No, the issue persists. 🙁
Might be related to #115
Update: I was running my analysis on several data sets. For the one that got this error, some intermediate data frame was indeed empty.
Had this several times, check if df.empty==True. parallel_apply throws exceptions when the df's empty
This fails also when working with a single-row dataframe, which is a bit frustrating since I use those for debugging, but I don't want to clutter my code with "if n_rows 1 use apply else parallel_apply"
This fails also when working with a single-row dataframe, which is a bit frustrating since I use those for debugging, but I don't want to clutter my code with "if n_rows 1 use apply else parallel_apply"

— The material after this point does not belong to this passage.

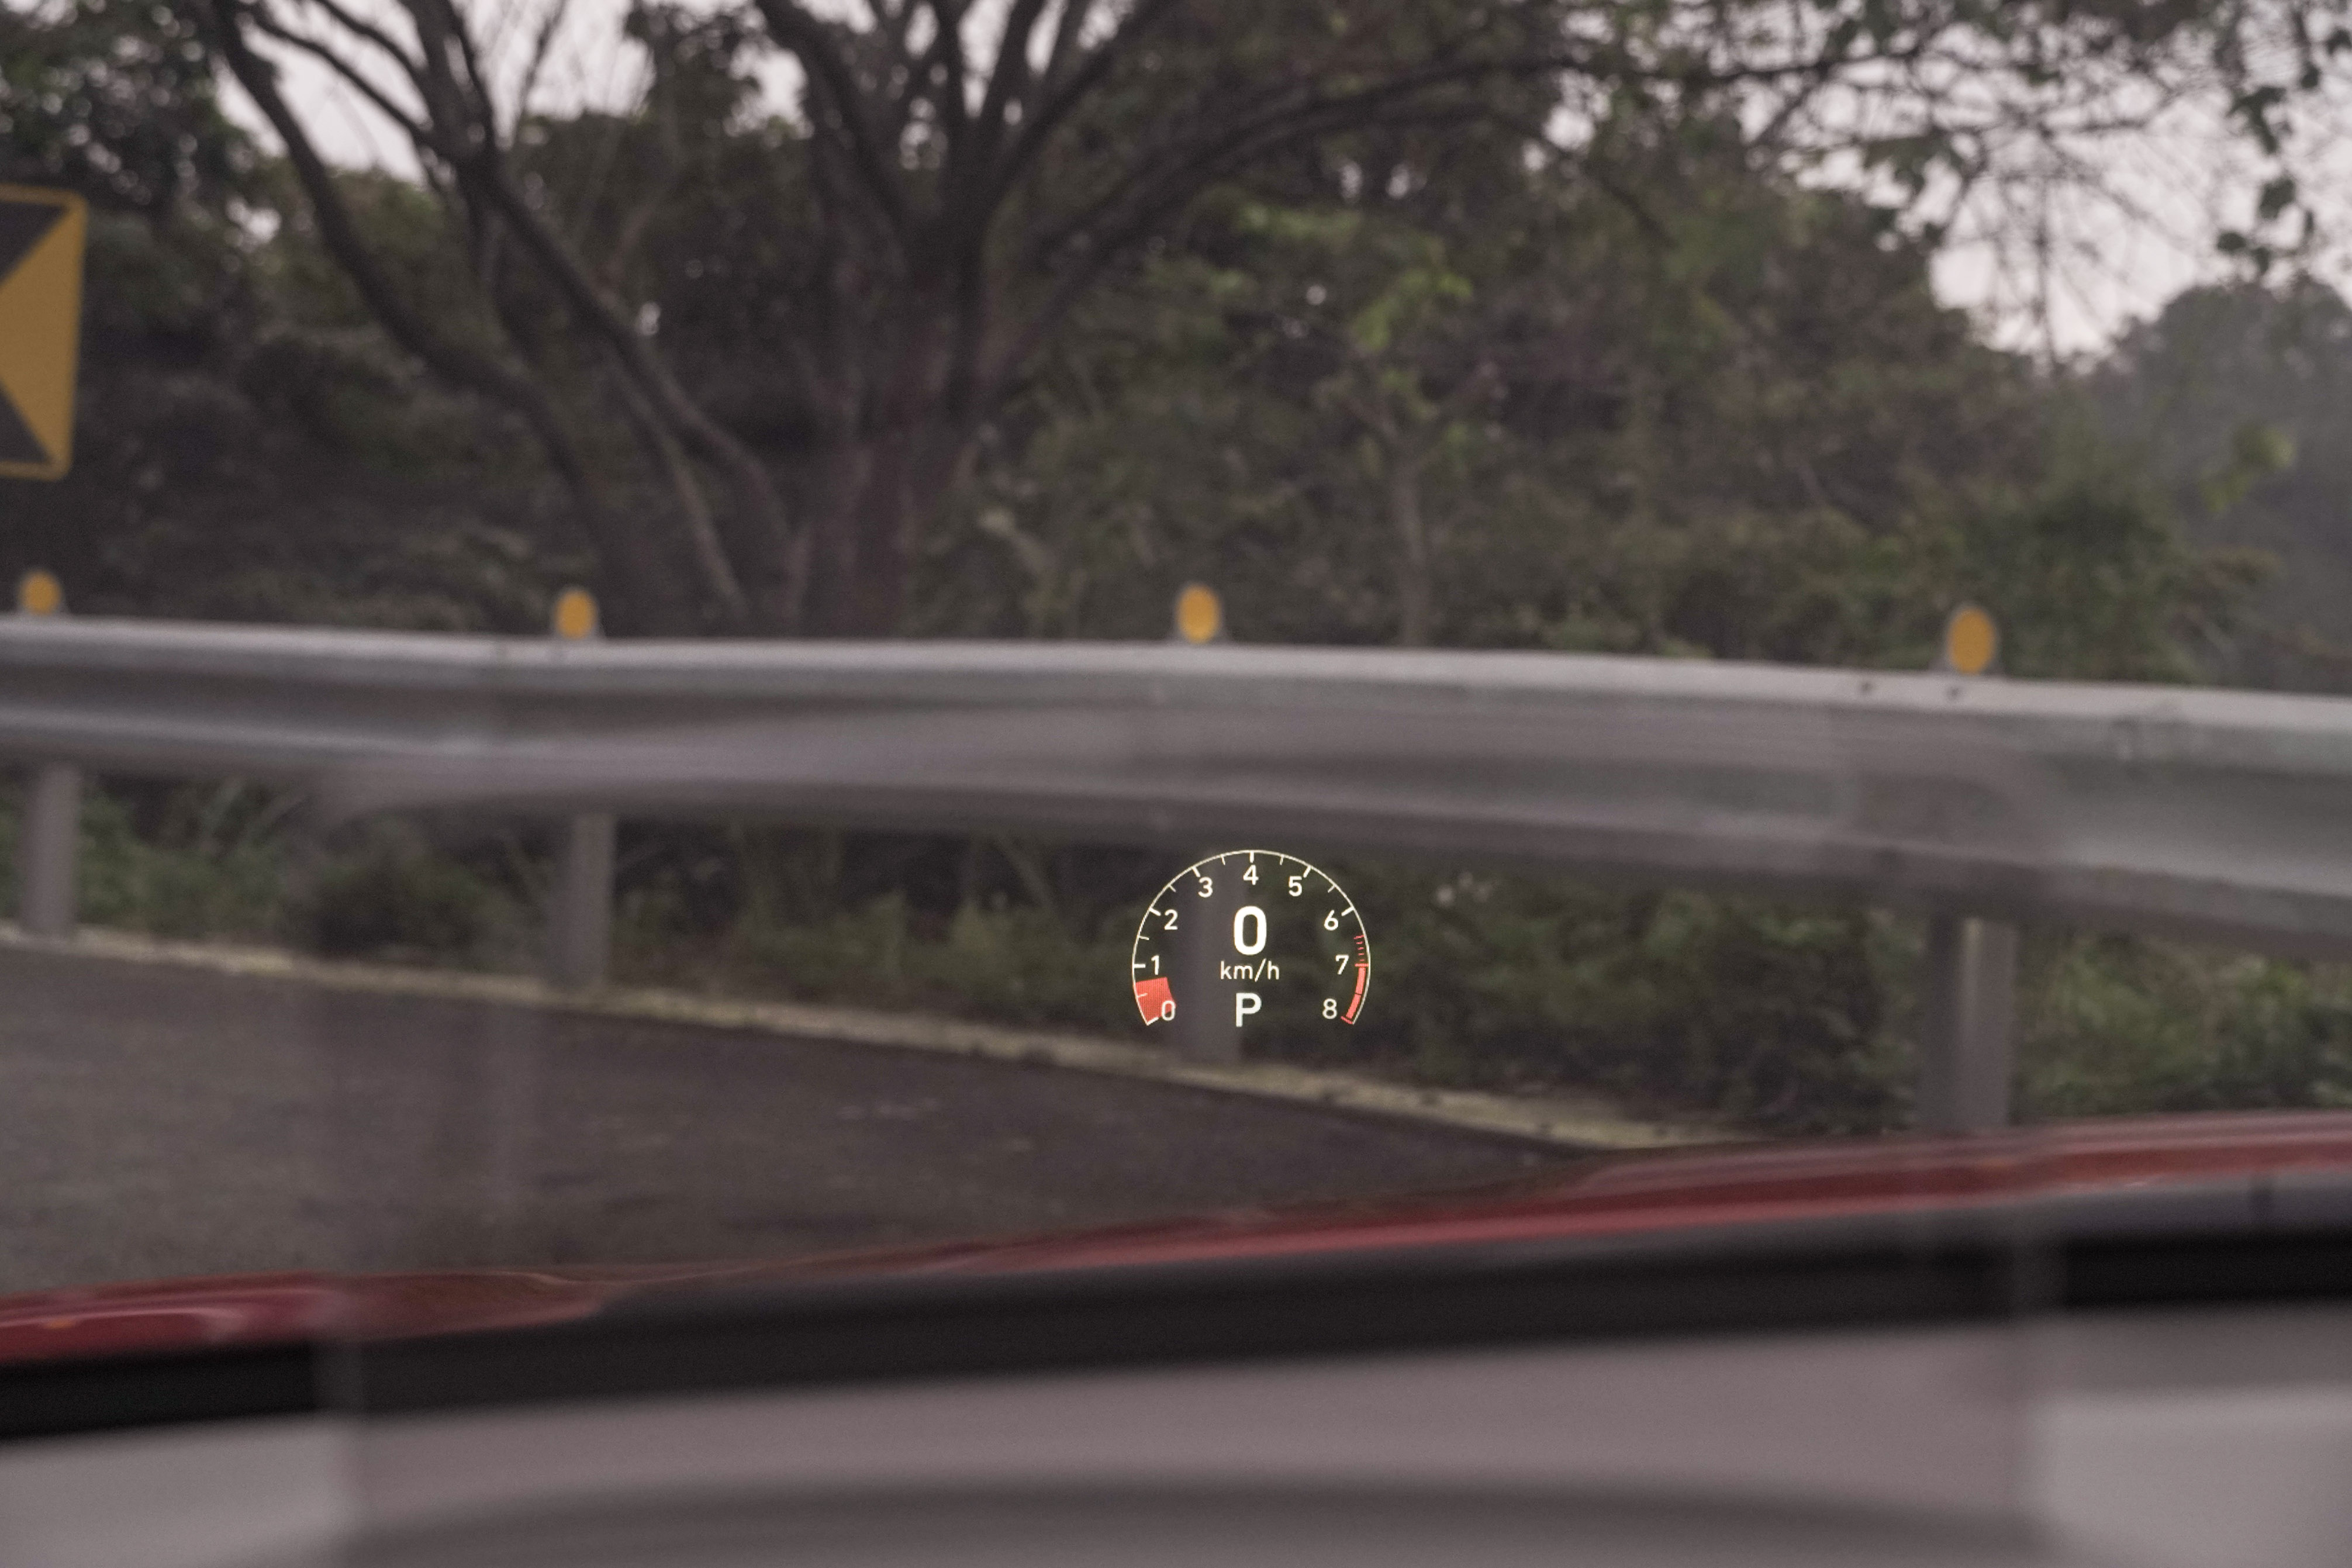 抬頭顯示器在 Sport 模式下會顯示轉速表、車速及檔位。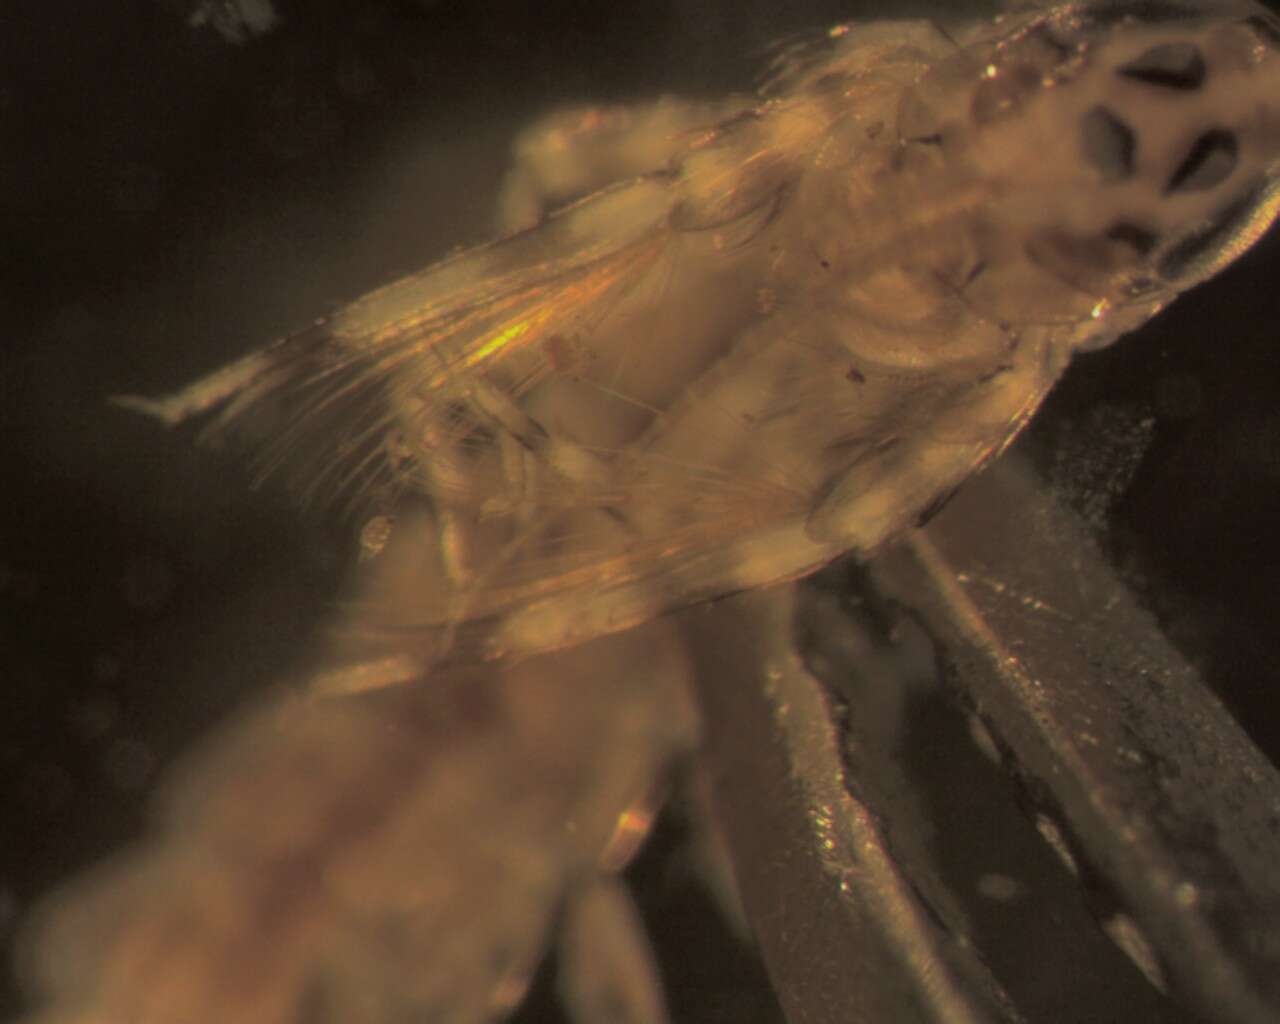 Image of brushlegged mayflies

Has the package been updated to address single-row dataframes? My code is littered with try-except blocks. It might be an easy solution to update the package code to embed a try-except
block, or at least check if n_rows==1
.
try:
paper_metadata = paper_metadata.parallel_apply(lambda x: x.astype(str))
except:
paper_metadata = paper_metadata.apply(lambda x: x.astype(str))
Hi @itang1,
I can't really take care of this at the moment, but I would gladly review a pull request.
@till-m is this fixed, can I take this up?
Hey @skamdar, by all means, feel free to take this up!
I am only able to reproduce this issue with dataframes having no columns and empty series. Failing examples:
# Empty series
series = pd.Series()
series.parallel_apply(lambda x: x**2)
# Empty dataframe
df = pd.DataFrame()
df.parallel_apply(lambda x: x**2)
Since this has been idle for some time, I decided to raise a fix #245.